Epidural doğum, halk arasında “prenses doğum” olarak adlandırılan, doğum sancısını büyük ölçüde azaltan ve anneye daha konforlu bir doğum deneyimi sunan özel bir doğum yöntemidir. Bu yöntemde uygulanan epidural anestezi, doğum eylemi sırasında, ister normal doğum ister sezaryen olsun, bel bölgesinden verilen ilaçlarla ağrı duyusunun azaltılmasını veya tamamen ortadan kaldırılmasını sağlar. Böylece anne, bilinci açık bir şekilde süreci takip ederken, şiddetli ağrı hissi yaşamadan doğum yapma imkânına kavuşur.

Epidural anestezi sırasında, bel bölgesindeki epidural aralığa ince bir kateter yerleştirilir ve bu kateter üzerinden verilen ilaçlar, ağrı iletimini sağlayan sinir yollarını geçici olarak bloke eder. Anne rahim kasılmalarını ve bebeğin doğum kanalında ilerlemesini baskı ya da hafif bir gerilme şeklinde hissedebilir, ancak klasik doğum sancısı seviyesinde bir ağrı genellikle oluşmaz. Bu nedenle epidural anestezi ile gerçekleştirilen doğumlar, hem ağrı kontrolü hem de annenin aktif katılımını mümkün kılması açısından “prenses doğum” olarak da ifade edilmektedir.
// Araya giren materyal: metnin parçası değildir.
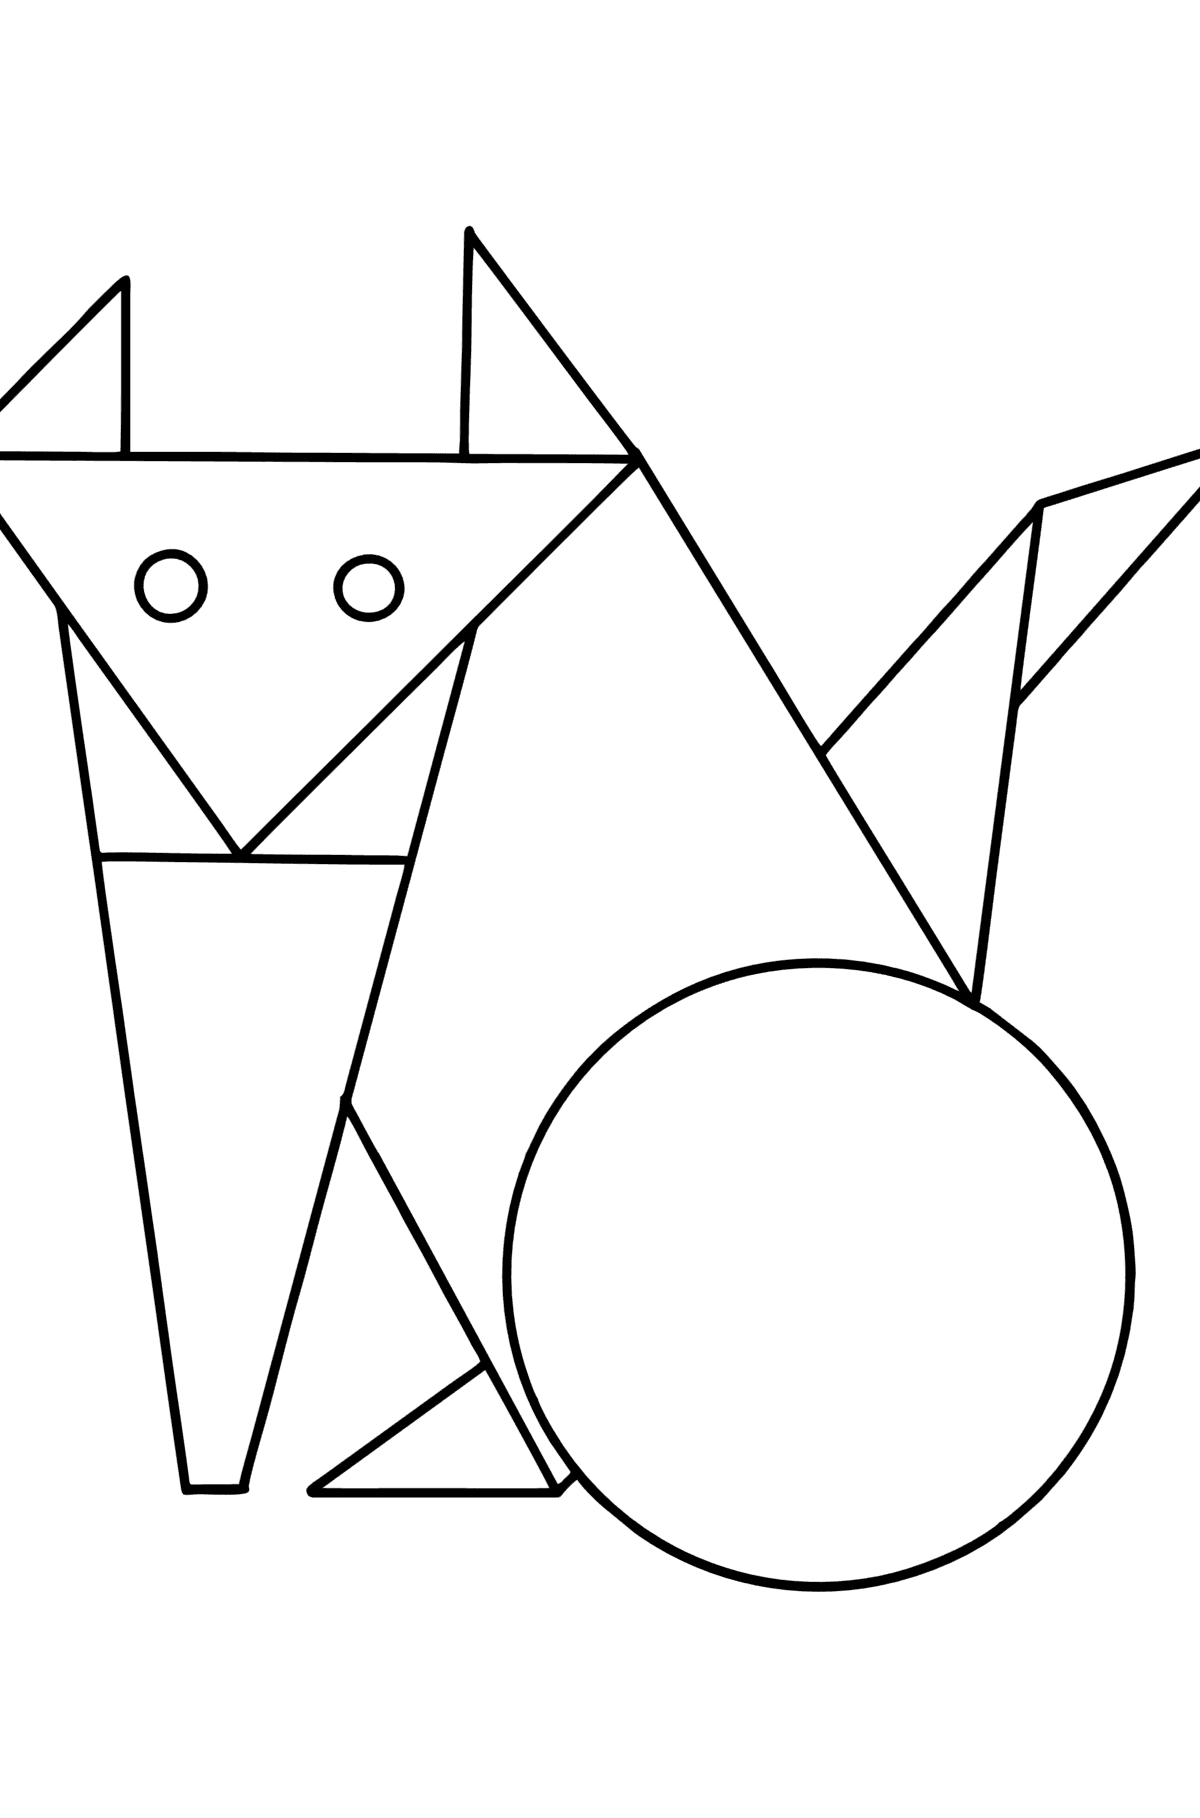 Geometric Kitten coloring page - Coloring Pages for Kids
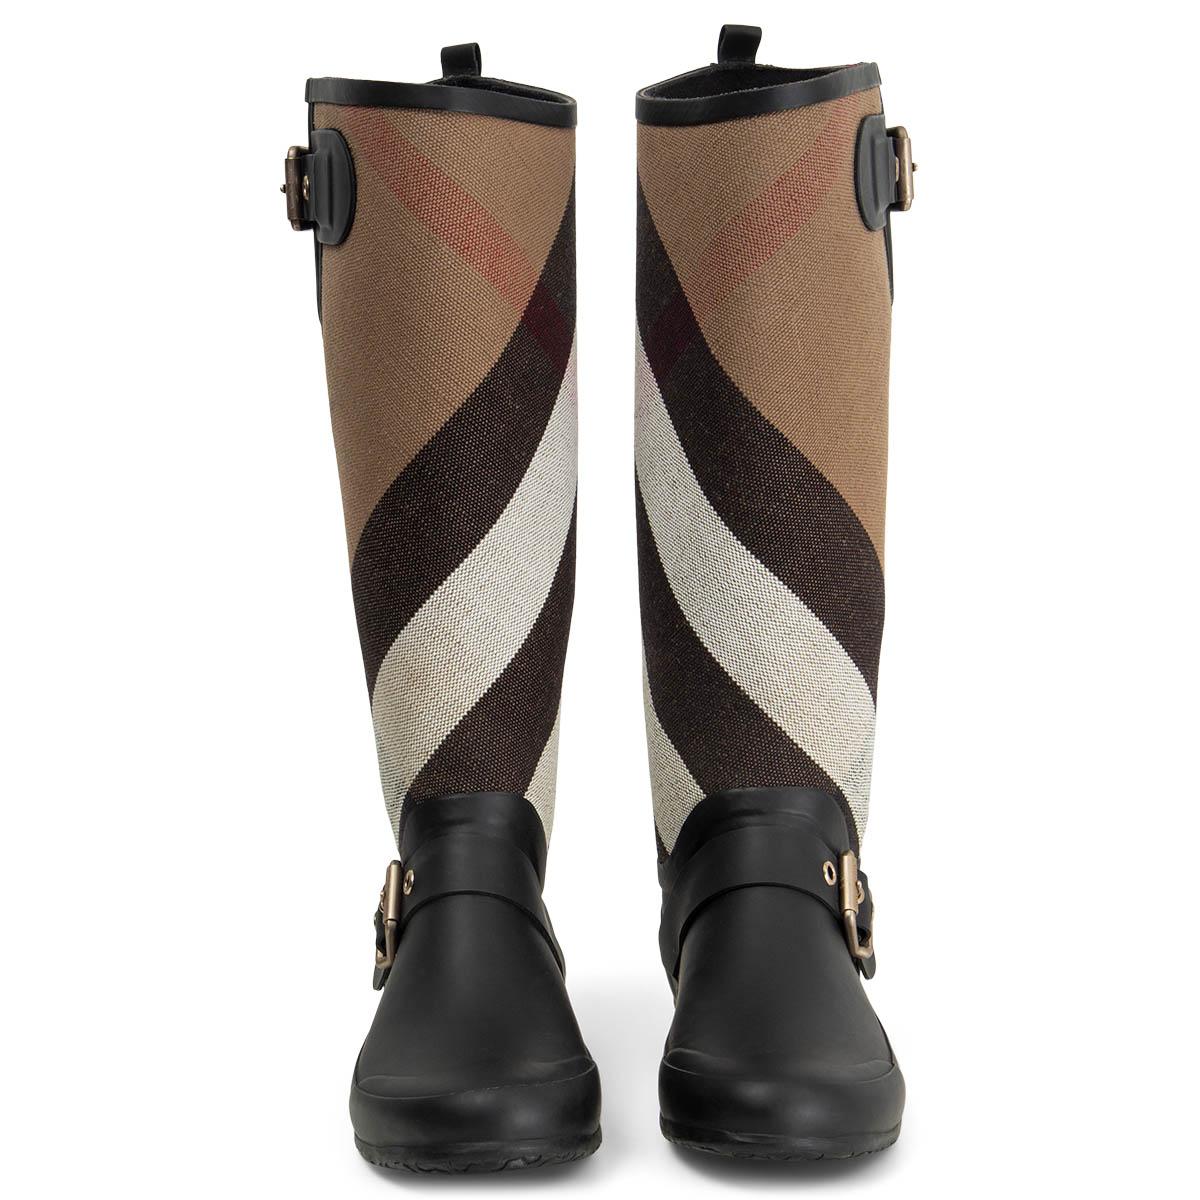 100% authentic Burberry rain boots in black rubber a and camel, white, red and black calssic plaid canvas featuring buckle details on the side and top. Have been worn and are in excellent condition. 

Measurements
Imprinted Size	35
Shoe

Doğum sürecinin hem anne hem de bebek açısından güvenli, kontrollü ve mümkün olduğunca konforlu ilerlemesi için epidural doğum seçeneğinin gebeliğin ilerleyen haftalarında kadın doğum uzmanı ve anestezi ekibi ile birlikte değerlendirilmesi önemlidir. Siz de prenses doğum (epidural doğum) hakkında detaylı bilgi almak, sizin için uygun olup olmadığını öğrenmek ve doğum planınızı uzman eşliğinde güvenle oluşturmak istiyorsanız, Op. Dr. İrem Yengel ile iletişime geçebilirsiniz.
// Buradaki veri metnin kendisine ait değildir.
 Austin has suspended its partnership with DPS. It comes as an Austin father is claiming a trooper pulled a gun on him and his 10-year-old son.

Prenses Doğum (Epidural Doğum) Nedir ?

Prenses doğum, tıpta “epidural doğum” olarak adlandırılan ve doğum sancısını büyük ölçüde azaltmayı hedefleyen konforlu bir doğum yöntemidir. Bu yöntemde uygulanan epidural anestezi, doğum eylemi sırasında, ister normal doğum ister sezaryen olsun, bel bölgesindeki sinirlerin ağrı iletimini geçici olarak azaltır. Böylece anne adayı bilinci tamamen açıkken, bebeğinin doğumuna eşlik eder ancak klasik doğum sancılarını ya hiç hissetmez ya da çok daha hafif düzeyde hisseder. Ağrısız ya da minimum ağrılı doğum imkânı sunduğu için, epidural anestezi ile gerçekleştirilen doğumlar halk arasında “prenses doğum” olarak da anılmaktadır.

epidural dogum nedir

Prenses Doğum (Epidural Doğum) Nasıl Olur?
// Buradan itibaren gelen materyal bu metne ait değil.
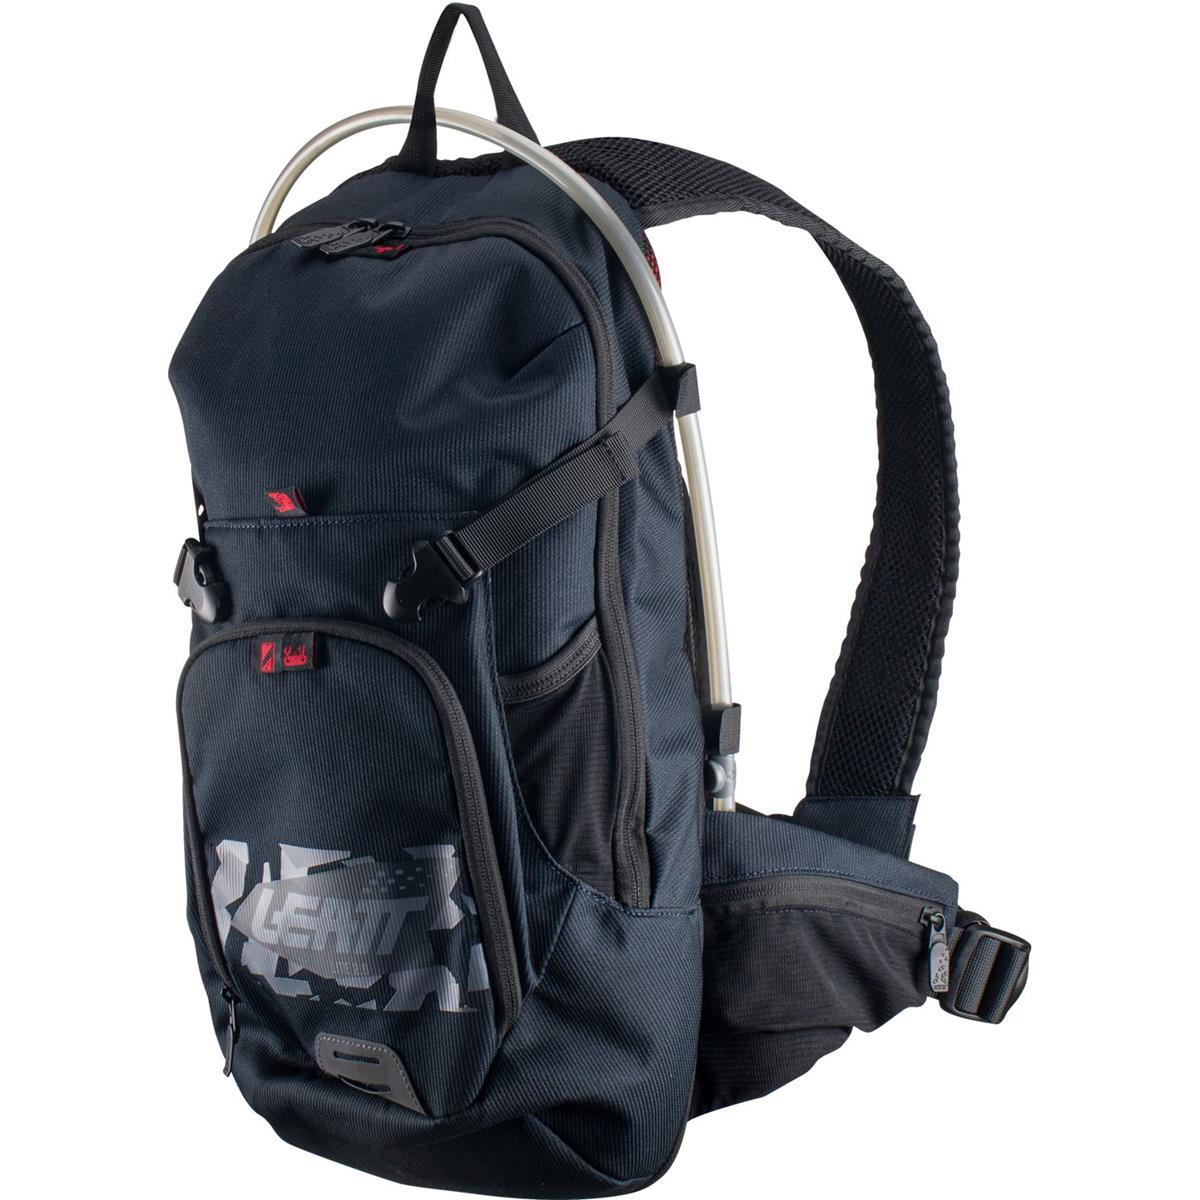 Leatt Backpack with Hydration System Moto Lite 1.5 Black, 1.5 L

Prenses doğum, hem vajinal (normal) doğumda hem de sezaryen operasyonlarında kullanılabilen bir yöntemdir. Normal doğum planlandığında, bel bölgesine ince bir kateter aracılığıyla lokal anestezik ilaç verilir. Bu sayede belden aşağı bölgedeki ağrı hissi azalır, rahim kasılmaları baskı veya gerginlik şeklinde hissedilir ancak şiddetli ağrı genellikle oluşmaz. Anne adayı bu süreçte uyanıktır, çevresini görür, sağlık ekibiyle iletişim kurabilir ve bebeğinin dünyaya geliş anına aktif olarak tanıklık eder.

Sezaryen doğumlarda ise epidural anestezi, ameliyat öncesinde uygulanır. Yine aynı bölgesel anestezi tekniğiyle belden aşağı hissiyat kontrol altına alınır, operasyon boyunca ağrı duyusu engellenirken annenin bilinci açık kalır. Böylece anne, bebeğinin doğduğu anı görebilir, sesini duyabilir ve doğum deneyimine duygusal olarak dahil olabilir.

Normal doğumda epidural anestezinin uygulandığı zamanlama kritik öneme sahiptir. Genellikle rahim ağzı açıklığının belirli bir seviyeye ulaştığı, düzenli ve aktif doğum sancılarının başladığı dönem beklenir. Bu aşamadan sonra epidural anestezi uygulanır ve süreç, anne adayı için çok daha konforlu hale gelir.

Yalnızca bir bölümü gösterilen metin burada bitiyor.